Enterochromaffin (5-HT-containing) cells in the large intestine, like L cells, also express microbial metabolite receptors, Ffar2, Olfr78, and Olfr558, as well as the bile acid receptor, Gpbar1 (Lund et al. 2018; Billing et al. 2019). This implies that there are both indirect, via L cell release of INSL5, and direct effects of microbial metabolites on EC cells. Moreover, the mechanosensitive ion channel Piezo2 is expressed by about 58 ± 5% of colonic EC cells (Alcaino et al. 2018), which is consistent with earlier observations that mechanical stimulation of the mucosa causes 5-HT release (Bülbring and Crema 1959; Grider et al. 1996). A higher proportion of EC cells expressed Piezo2 in the distal compared to the proximal colon (Billing et al. 2019). Thus, the majority of 5-HT cells in the distal colon, where > 95% exhibit Rxfp4-dependent labelling, are predicted to respond to both mechanical distortion and SCFAs. In the distal colon, about 20% of EC cells have prominent long basal processes, and 58% have long or intermediate length basal processes (Kuramoto et al. 2021). Many of these cells must express Rxfp4. The long processes might be assumed to be associated with mechansensitivity, although EC cells in the small intestine, which express Piezo2 and are mechanosensitive (Alcaino et al. 2018), do not have basal processes (Koo et al. 2021).

RXFP4 nerve fibres

We observed a small population of nerve fibres positive for Rxfp4-GFP in the mucosa and adjacent submucosa that were immunoreactive for CGRP. We have not specifically investigated the origins of these fibres, but the majority of spinal afferent (dorsal root ganglion) fibres that supply the gastrointestinal tract in mice and other mammals are CGRP immunoreactive (Tan et al. 2010). Furthermore, Rxfp4-dependent fluorescence is observed in small diameter nerve cells, of the type that express CGRP, and in the dorsal root ganglia of mice (Lewis et al. 2021). Rxfp4-GFP labelling was not found in enteric neurons (Lewis et al. 2021), which are therefore deduced not to be a source of Rxfp4/CGRP nerve fibres in the colon.

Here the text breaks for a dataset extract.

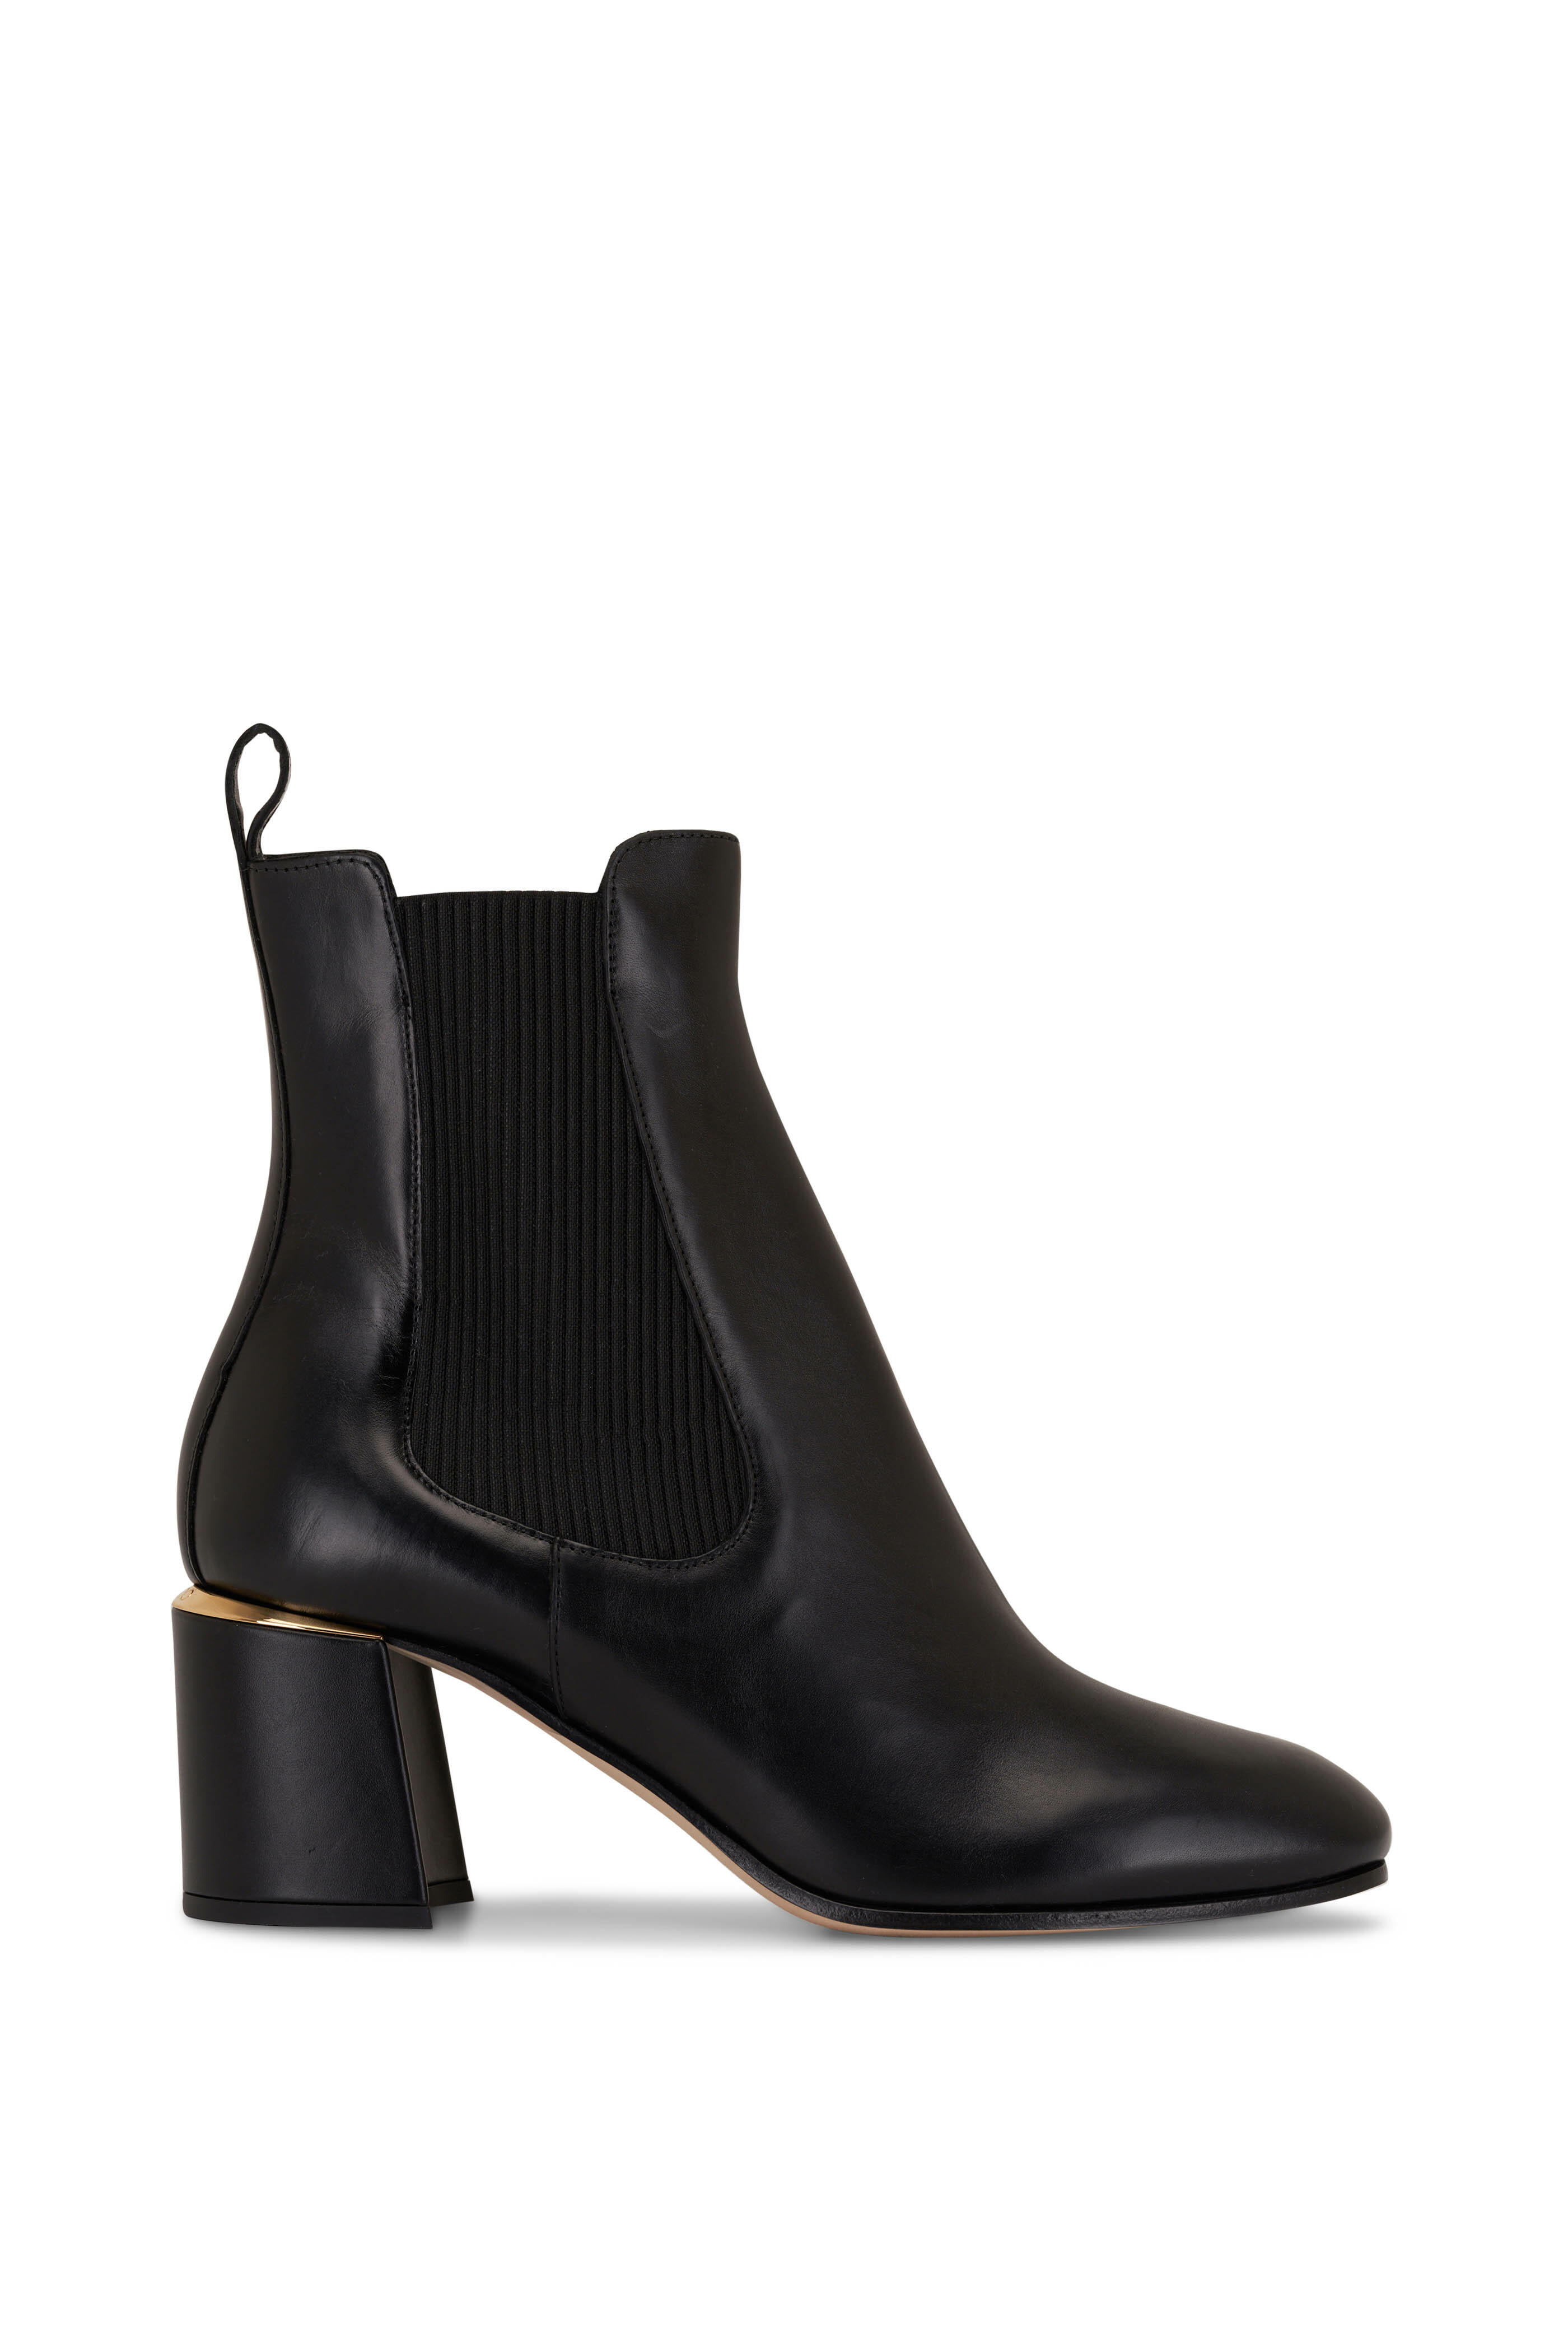 Jimmy Choo - Thessaly Black Leather Chelsea Ankle Boot, 65mm

Concluding remarks: integrative roles of 5-HT cells

As discussed above, the 5-HT cells receive signals from L cells through INSL5 and its receptor, RXFP4, also express receptors for bacterial metabolites and secondary bile acids, and are mechanoreceptive. The L cells themselves have bacterial metabolite receptors. Thus, it appears that a range of stimuli, such as SCFAs, bile metabolites, and mechanical distortion, are integrated by the 5-HT-secreting EC cells, which may be a common pathway for different stimuli that influence colonic and rectal motility. Studies in which combinations of stimuli are applied may assist in unravelling how responses to different stimuli are integrated by the 5-HT cell population.